Custa ver a monda a crescer e os caracóis passeando-se e os melros de tomate-cereja no bico sem, no momento certo, poder sair ao quintal e mostrar-lhes quem manda. E, no entanto, só esse primeiro sábado de Primavera, em que desço à cidade a comprar plantios e sementes, já vale a pena.
Sábado foi assim. Angra estava feliz, famílias inteiras circulando pelos fornecedores de ocasião e pelas lojas especializadas. Havia fila no Basílio Simões. Homens conversavam sobre futebol no José Tomás e no Flores & Parreira. Senhoras cirandavam entre as prateleiras das boutiques com um cartuchinho de couve merceana na mão.

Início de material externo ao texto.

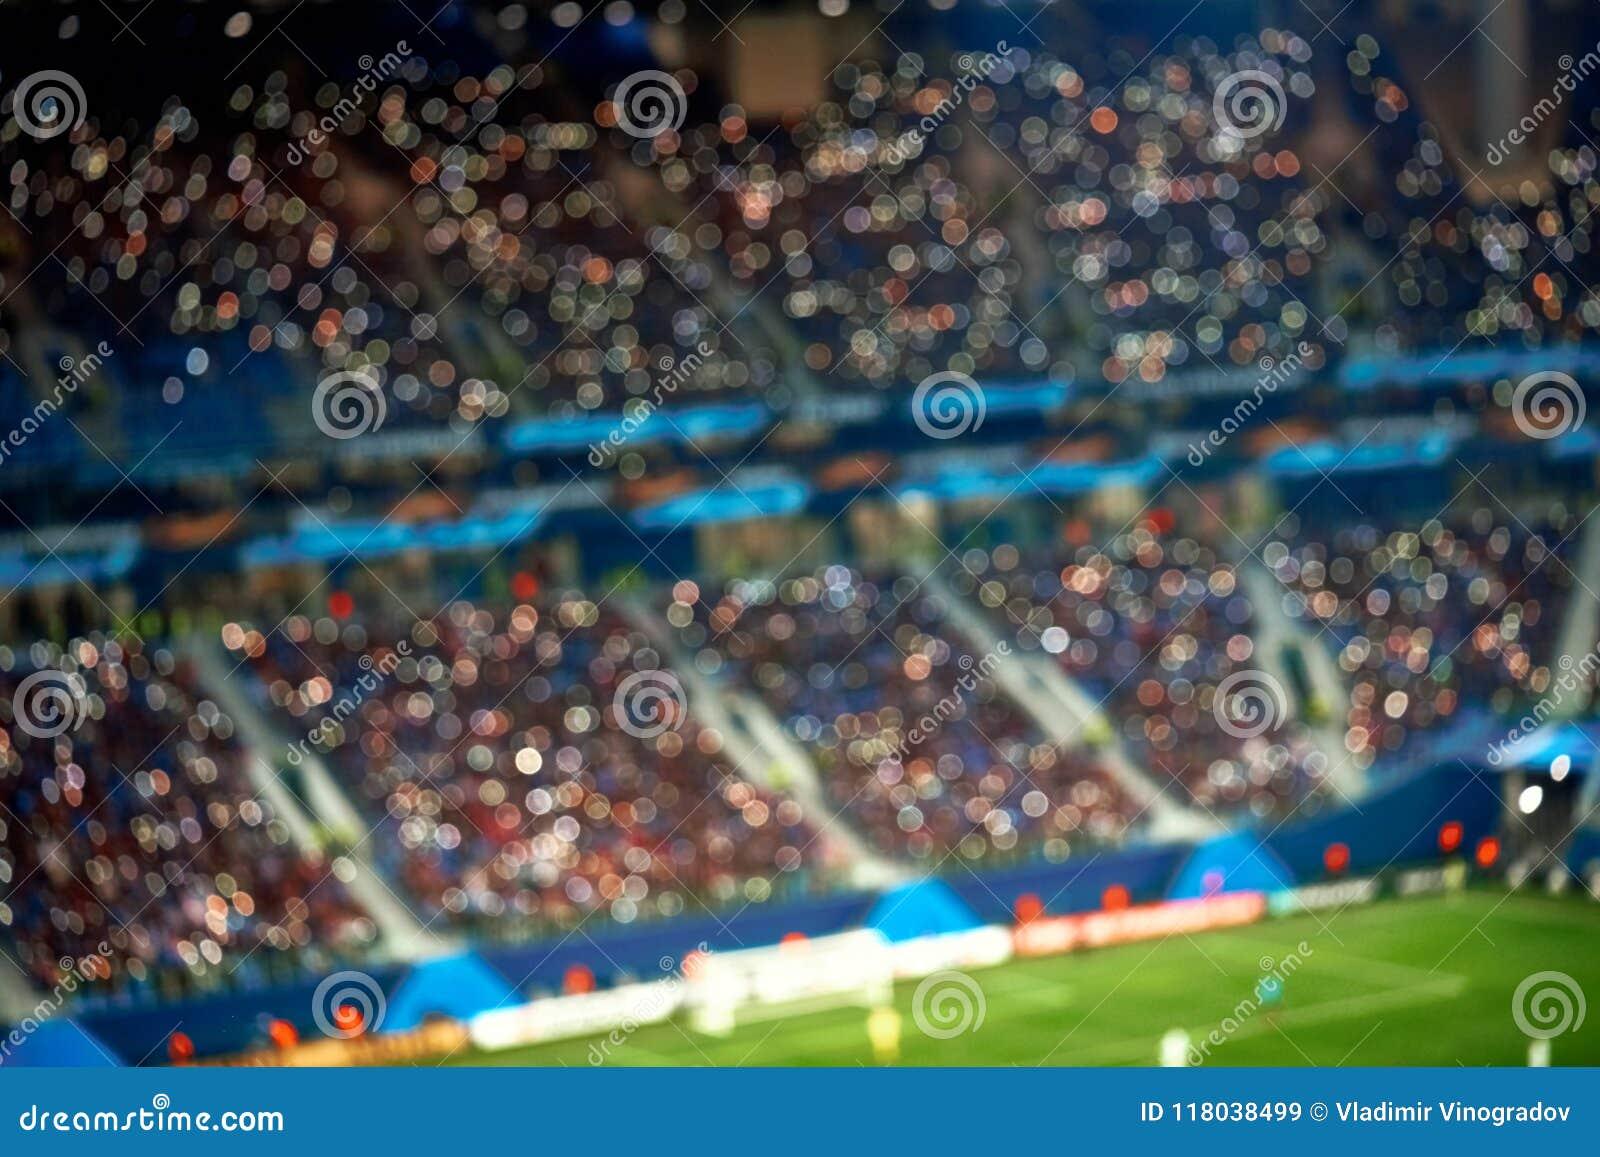 Full football soccer stadium tribunes with lights. Soft focus blurred background

Só não fui ao Mercado do Gado no domingo porque era Páscoa e Jesus expulsa os vendilhões. Foi pena, porque gosto de ver os velhos a negociar, fingindo-se desinteressados, passeando em volta e desgastando o oponente até lhe desferirem o seu golpe quase capitalista. É o meu modo de prolongar aquele sábado.
Assim, regressei ao velho estabelecimento de Basílio Simões & Irmãos, com as suas portadas largas e os seus cheiros a especiarias. Em redor conviviam panelas de ferro, sacas de ração animal e bacalhau seco, funis de plástico, papel de parede e guarda-chuvas de chocolate, fogareiros e óleos de fígado de bacalhau, tachos de alumínio e brinquedos. Ao lado, numa salinha, três idosos faziam contas, vestidos de negro.
Comprei o que precisava e mandei embrulhar em papel pardo. Depois pus-me a passear. Pelo menos três pessoas conhecidas abriram os braços, num sorriso benigno: “Olha, o Joel veio à cidade!”